Oh how I've missed you ASUS, what a card! - Three slots is so overkill, but with onboard gigabit, decent quality audio and RAID, the need for multiple expansion cards isn't nearly as necessary as years past, which means that taking up an extra slot on top of the normal two doesn't really seem like all that much of a deal.
The cooler is fantastic. Sure, it's massive, and while it might run a little warmer than something like the Twin Frozr II MSI we recently looked at, this thing is just dead silent. It pretty much offers the noise of a passive cooled card with the performance of a good aftermarket cooler. There's not much more you can ask for from a cooler, well, maybe that it takes up two slots, but who cares?

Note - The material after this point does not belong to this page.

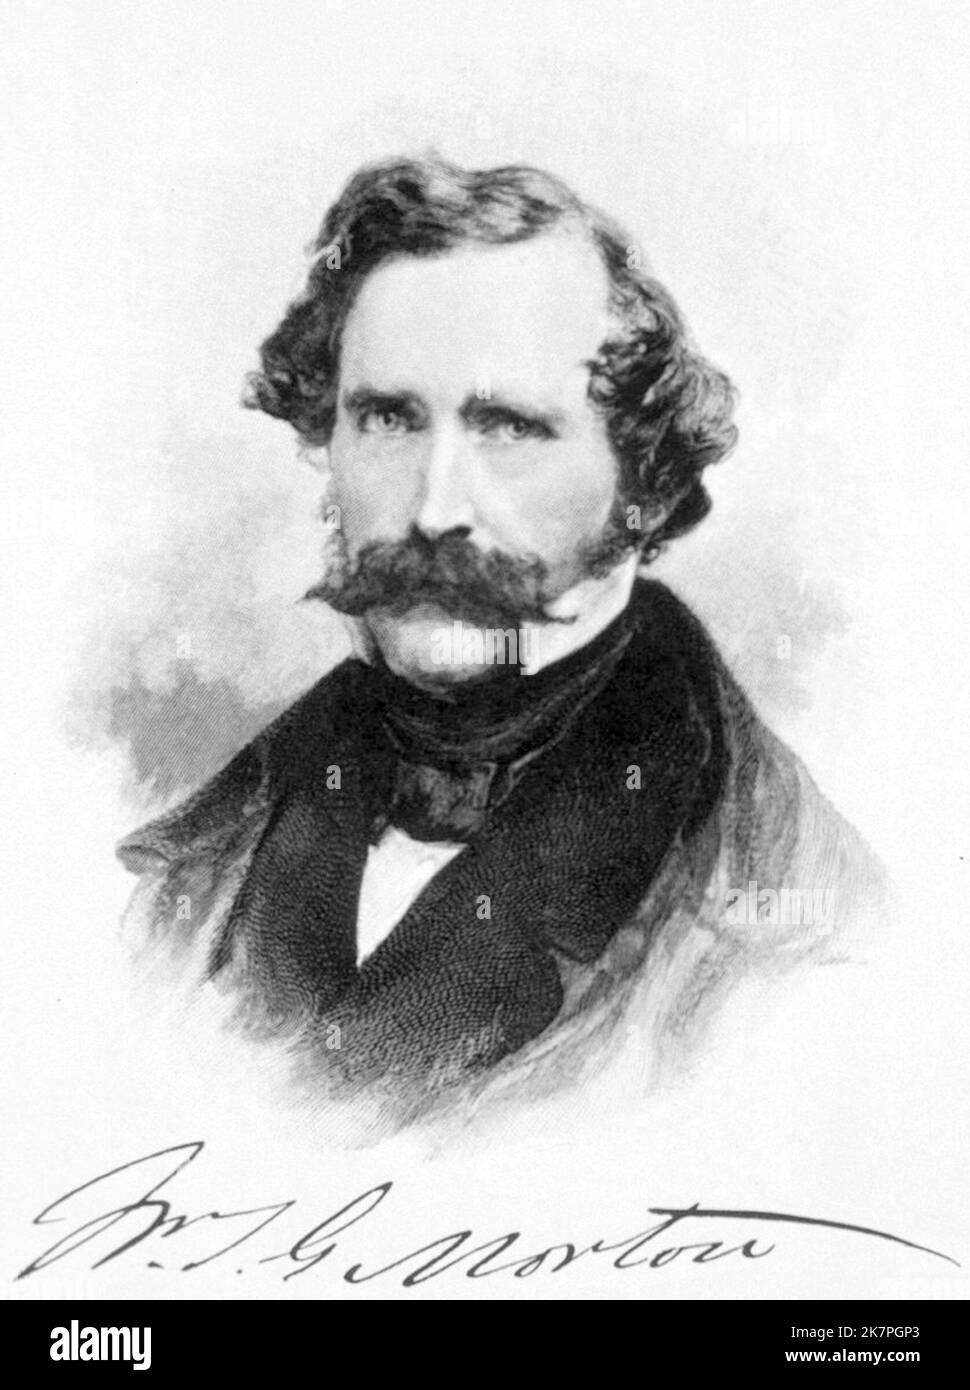 William Morton, William Thomas Green Morton (1819 – 1868) amerikanischer Zahnarzt und Arzt, der 1846 erstmals öffentlich den Einsatz von inhaliertem Äther als Operationsanest demonstrierte. Stockfoto

Outside of that, though, we've got an "overclock", and I say "overclock" in quotation marks because it's annoying me a bit lately that companies push the core up 10MHz and throw the "overclock" tag on it, but none the less we still have it. More importantly, one of the big stand out features is the connectivity line-up with four DisplayPorts.

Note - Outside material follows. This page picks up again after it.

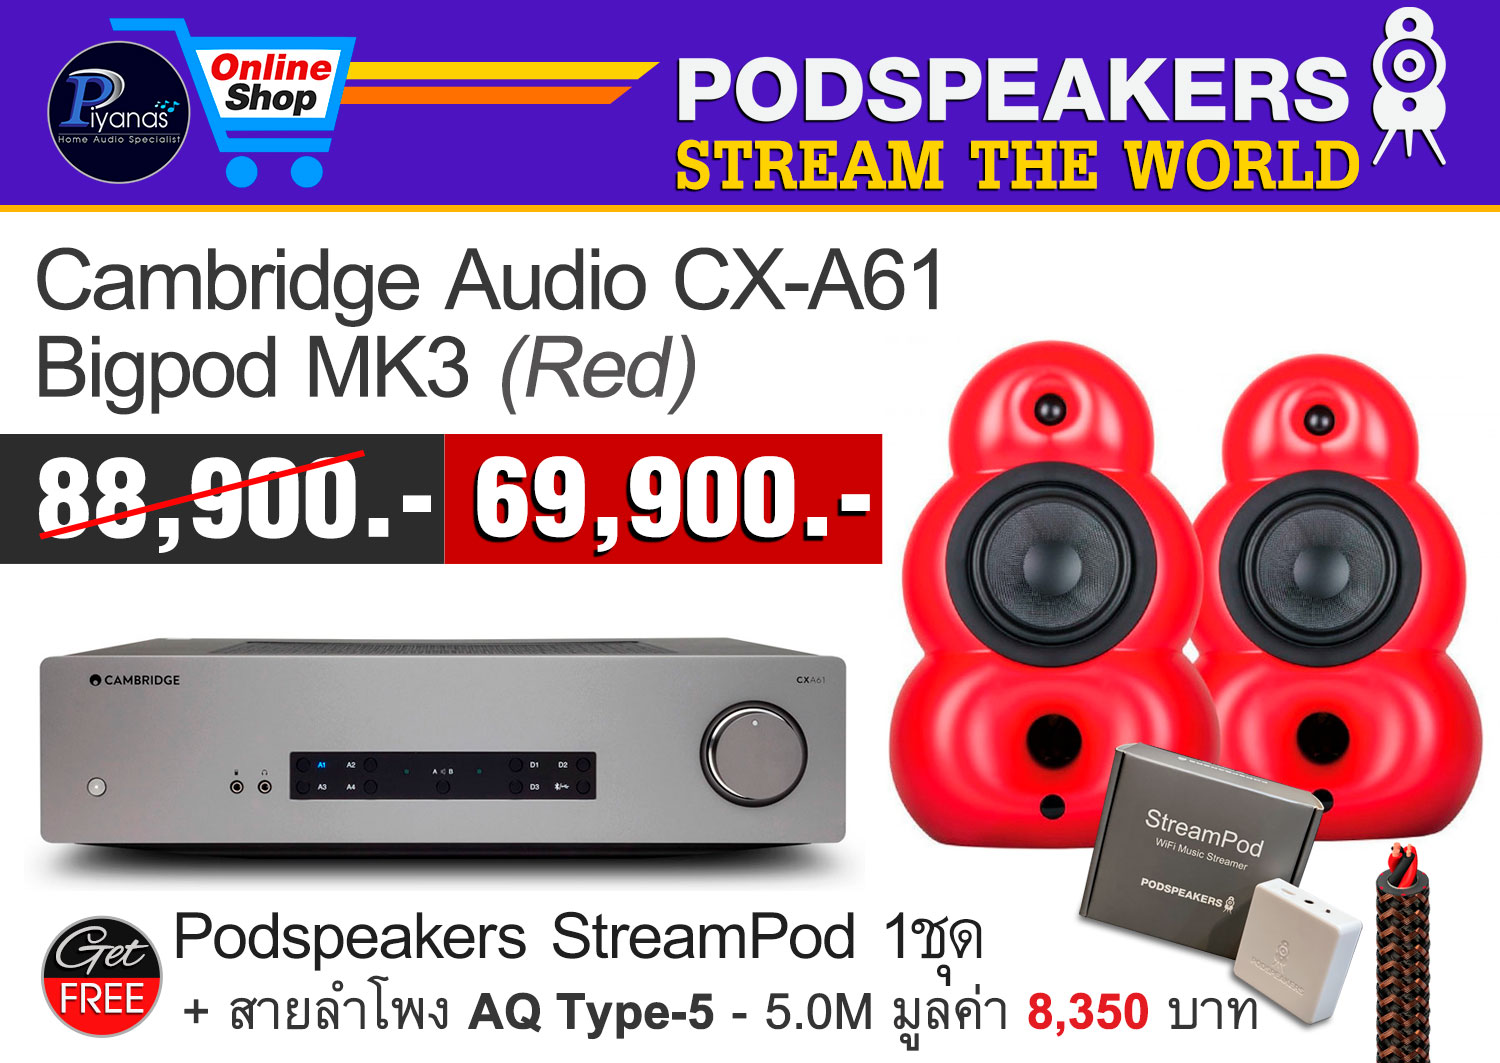 Bigpod MK3 (Red) + CX-A61

I'm all four DisplayPort (get it, see how I said "four"?). Get rid of DVI and HDMI and bring in the future of connectivity. It frustrates me as someone who owns three 27" DisplayPort monitors in Eyefinity that I still have to use a DVI cable because the HD 6950 I have only supports two mini-DP connectors.
The triple slot nature of the card has to be noted, it's going to be an important factor for some people. If it's not to you, though, and you want something that is pretty much silent, this is just a killer card. The performance of the cooler is even more exciting when you consider the fact we had the card clocked to its maximum speed in overdrive, and we were still able to achieve near silent numbers.
Just a really strong HD 6950 at a little over $300 USD, and to be honest you can see why ASUS is throwing the DirectCU II cooler on all these higher end models. It's nice to get something so meaty in the cooling department without the need to own a $600 USD model.